* **WORK TO COMPLETE**
For the listing below, output exactly the lines from the line with "Seaview and clothesline, La" up to and including the line with "Main Image - Japanese", and no other lines.
[SOURCE INFORMATION Boundary: Start]
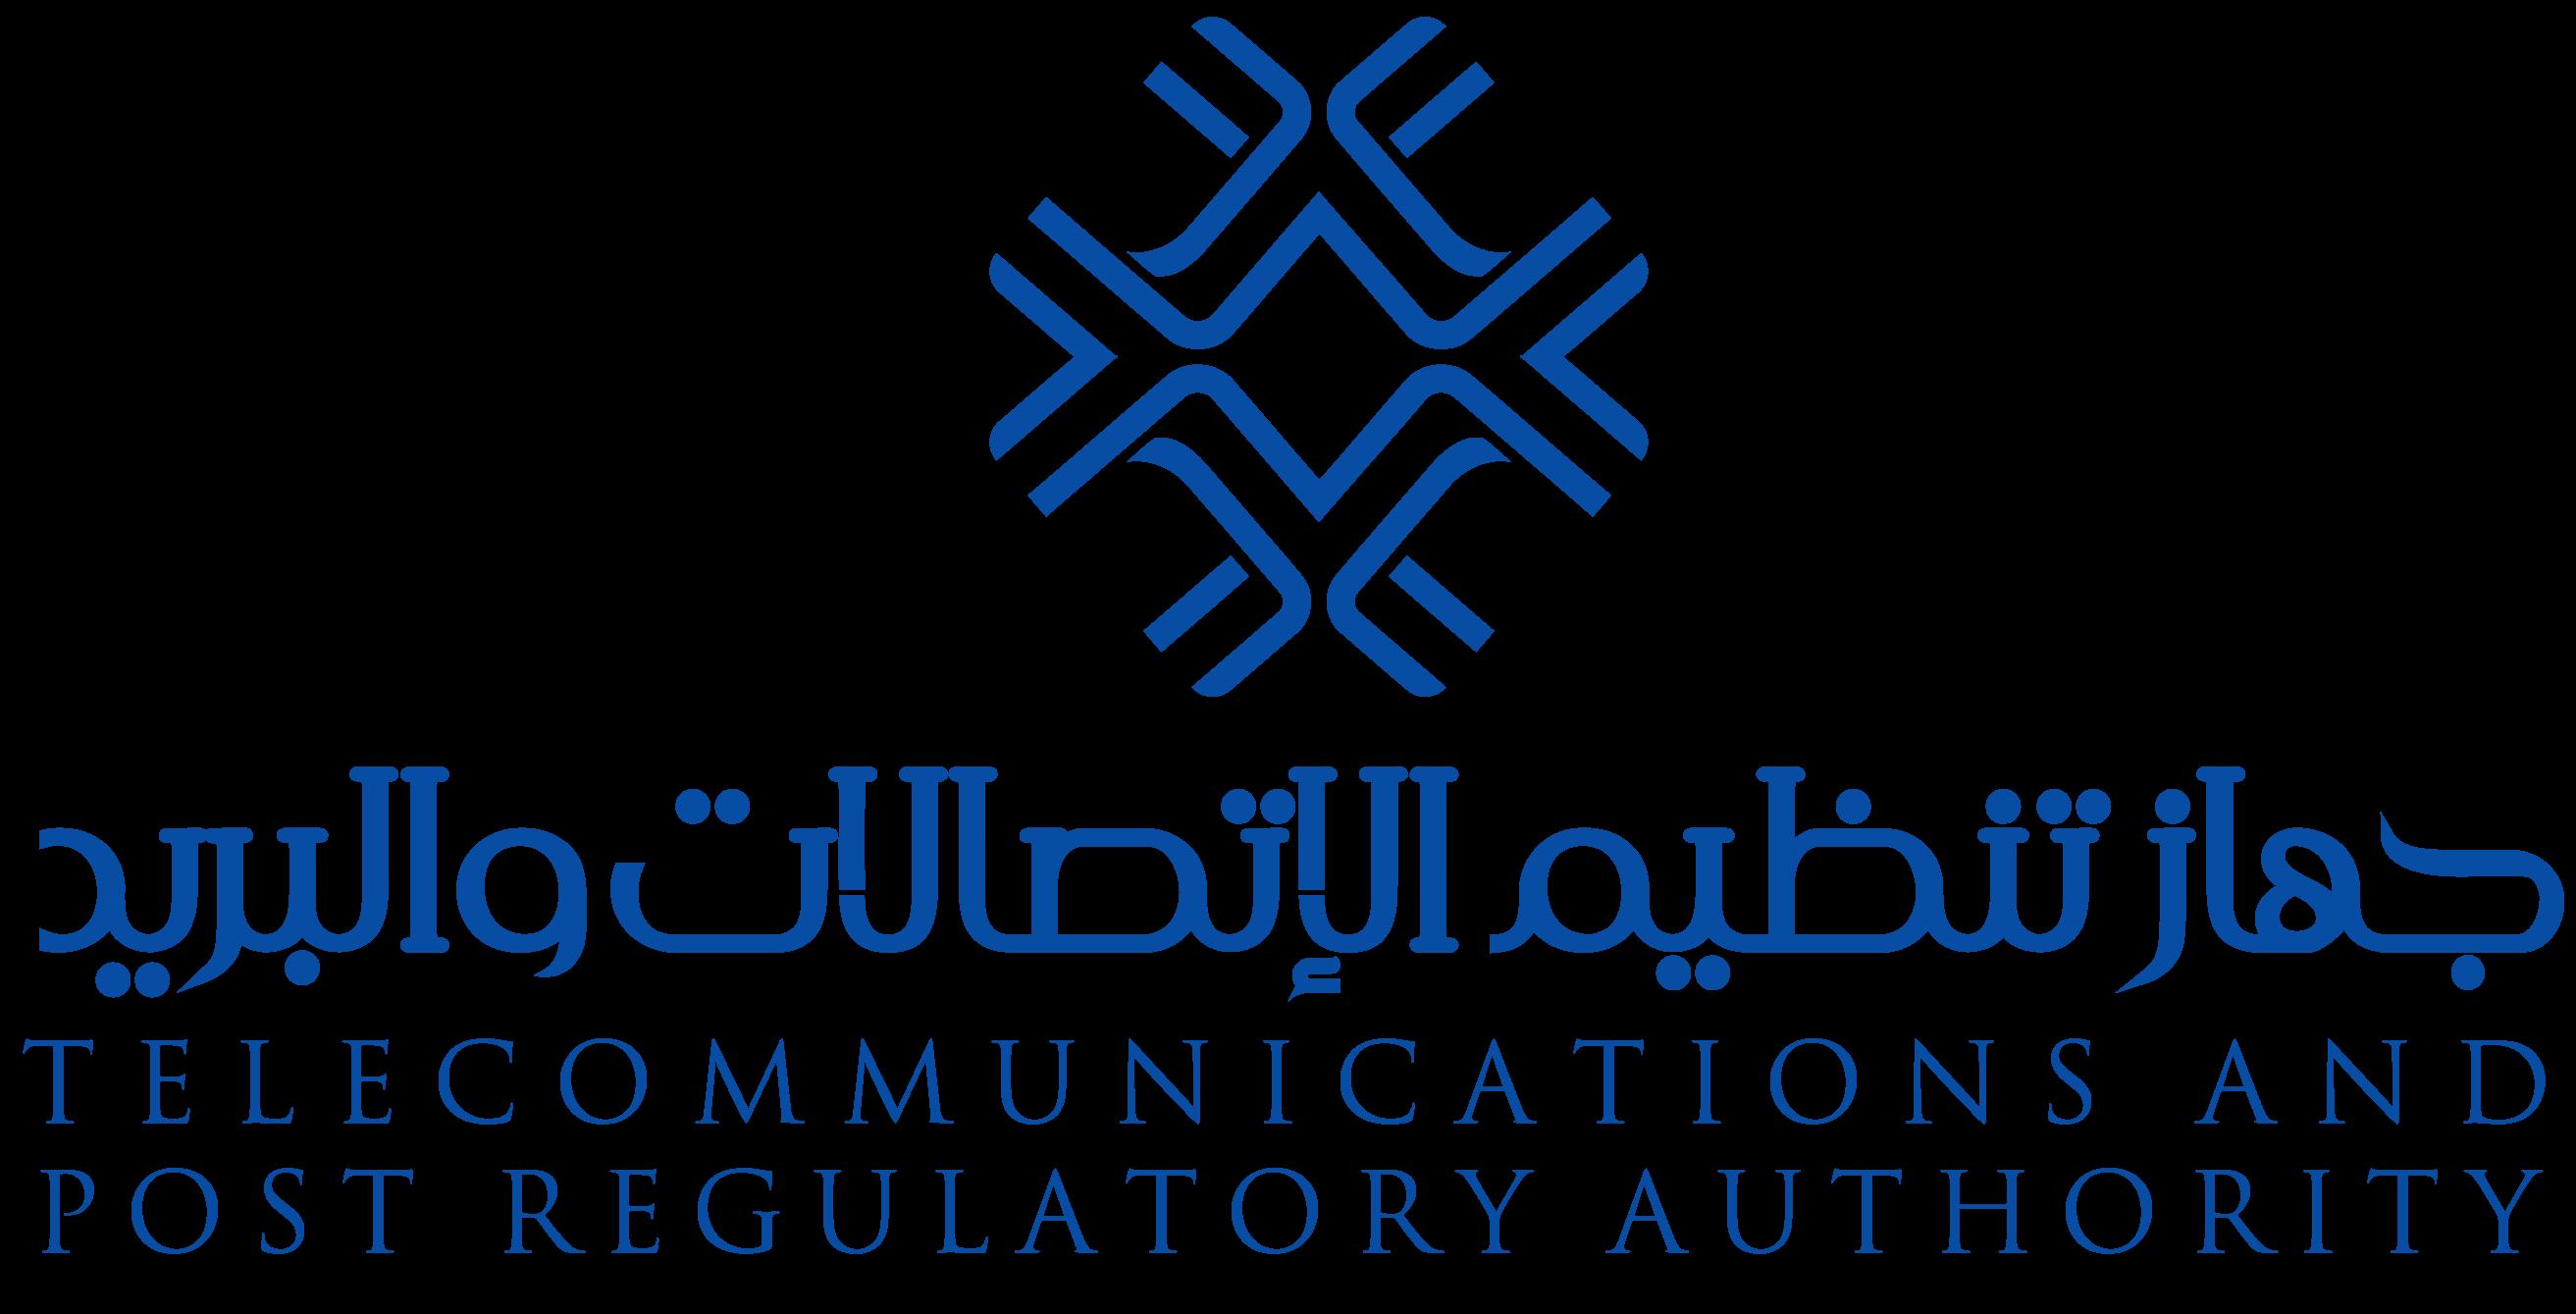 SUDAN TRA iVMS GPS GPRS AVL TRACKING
[SOURCE INFORMATION Boundary: End]
[SOURCE INFORMATION Boundary: Start]
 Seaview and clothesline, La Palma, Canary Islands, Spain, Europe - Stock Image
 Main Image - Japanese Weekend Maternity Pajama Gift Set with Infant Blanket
[SOURCE INFORMATION Boundary: End]
* **SOLUTION TO THIS PROBLEM**
 Seaview and clothesline, La Palma, Canary Islands, Spain, Europe - Stock Image
 Main Image - Japanese Weekend Maternity Pajama Gift Set with Infant Blanket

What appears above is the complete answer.